If anyone wants the pdf file of that drug list, click here:
http://www.dallasnews.com/sharedcontent/dws/img/10-06/druglist.pdf

Otherwise, use the link in the top post.

AoG


----------



## Ping898 (Nov 8, 2006)

*sigh*...sadly none of mine are on the list and there is nothing I can switch to for them that is...


----------



## mrhnau (Nov 8, 2006)

Ping898 said:


> *sigh*...sadly none of mine are on the list and there is nothing I can switch to for them that is...
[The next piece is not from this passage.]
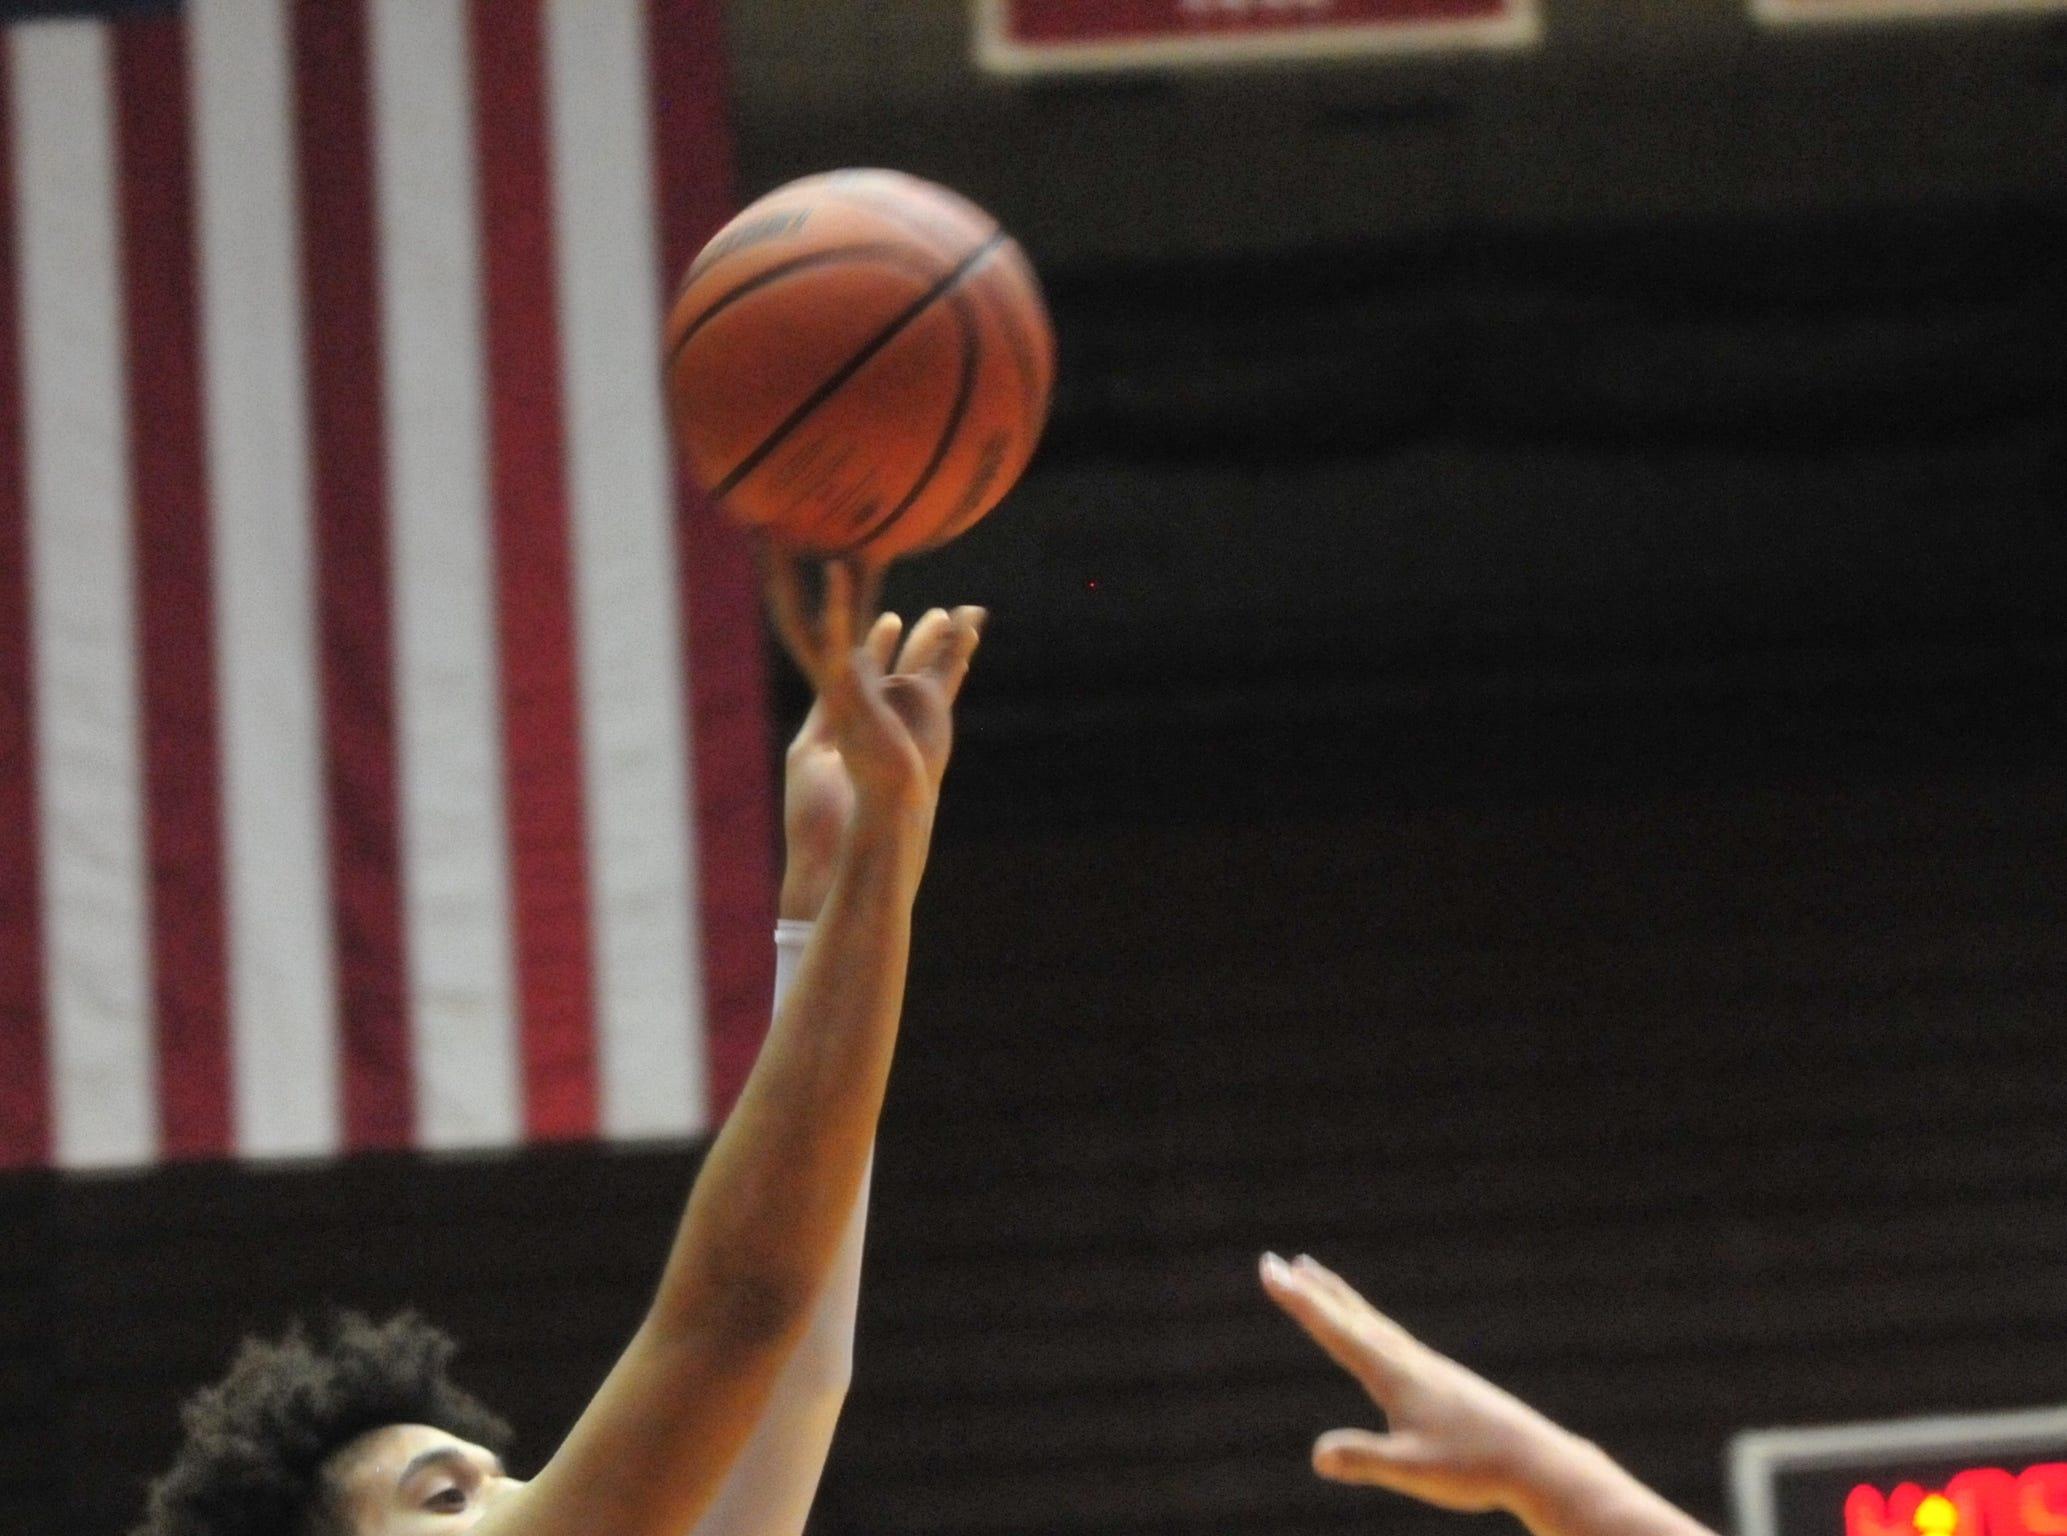 Richmond High School senior Jordan Frye takes a shot during a boys basketball game against Jay County Saturday, Nov. 24, 2018 at Richmond High School's Tiernan Center.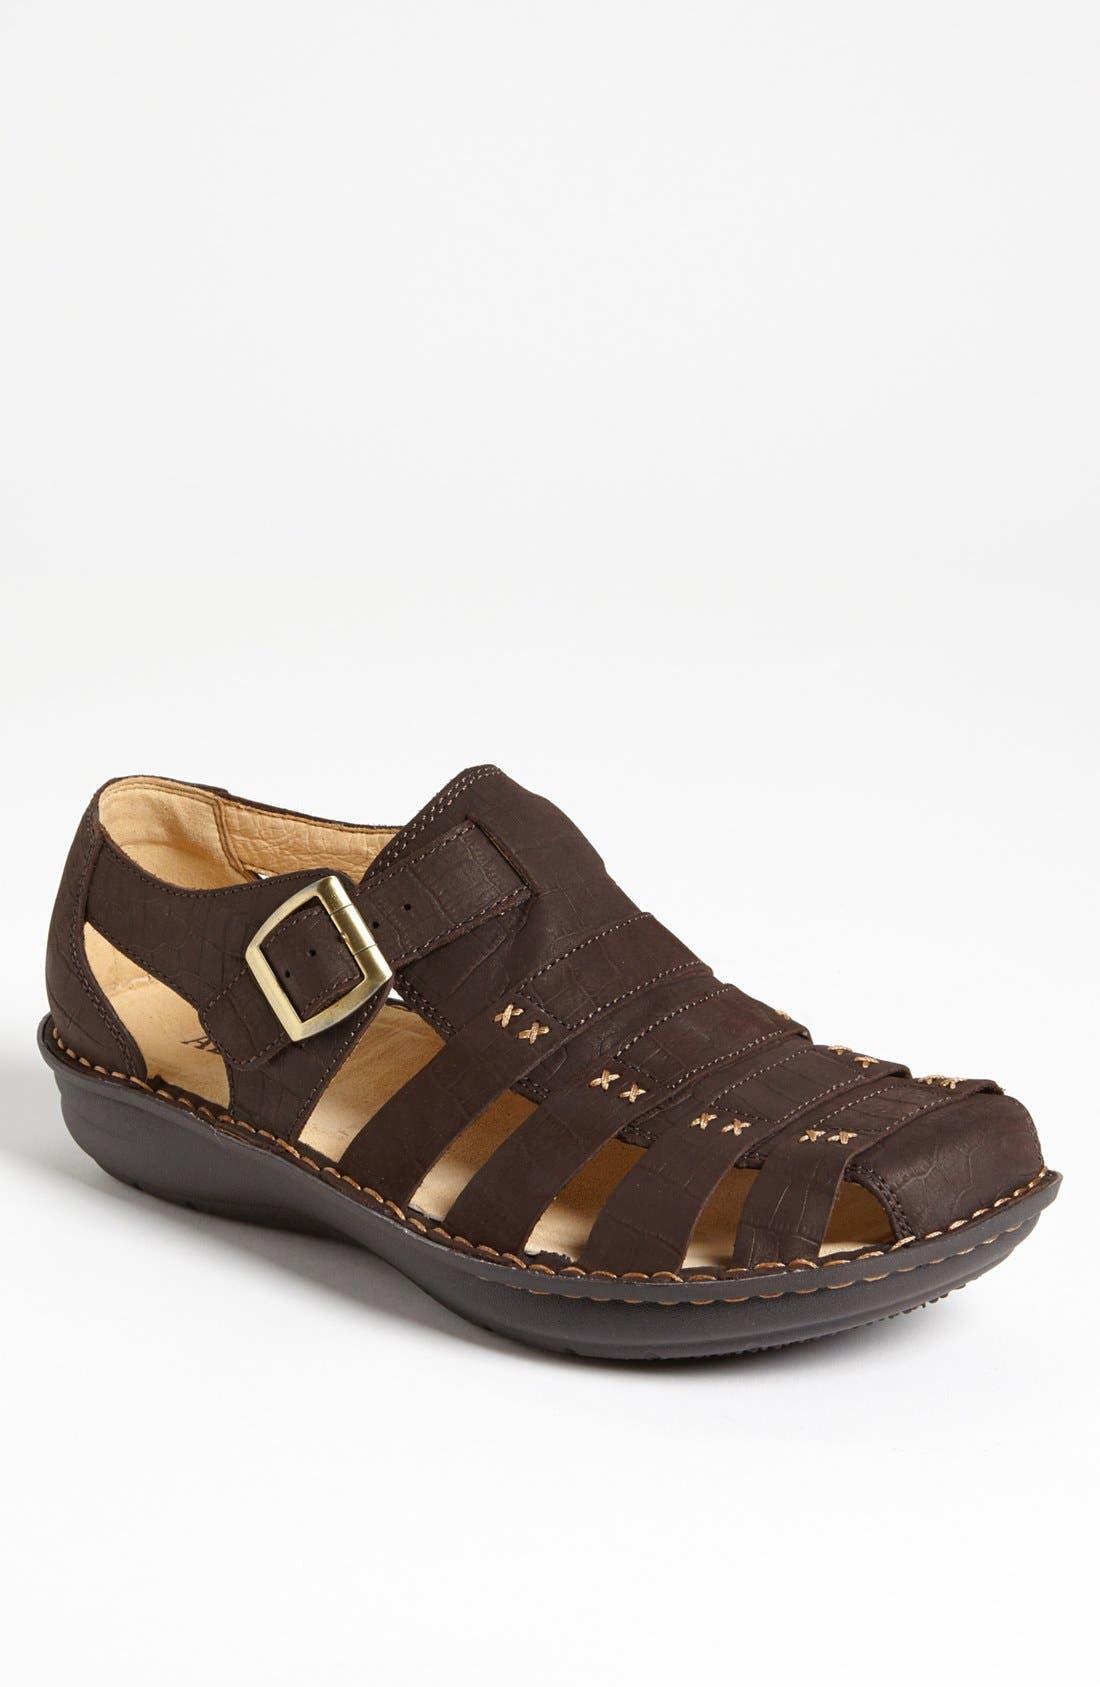 Main Image - Alegria 'Martinique' Sandal

Me either... then again, I'm not taking any


----------



## ArmorOfGod (Jan 15, 2007)

http://www.chron.com/disp/story.mpl/business/4273106.html

The links that I listed before are now dead.  That one works.

AoG


----------



## shesulsa (Jan 16, 2007)

OH MY FREAKIN' SWEET LORD!!!!

HALF of my mom's meds are on there!!  That would cut her bill by ... around 200 dollars per month!!!

I gotta say, I'm also VERY VERY VERY happy to see some antibiotics, antipsychotics, antidepressants and allergy/asthma meds on that list - especially albuterol!!!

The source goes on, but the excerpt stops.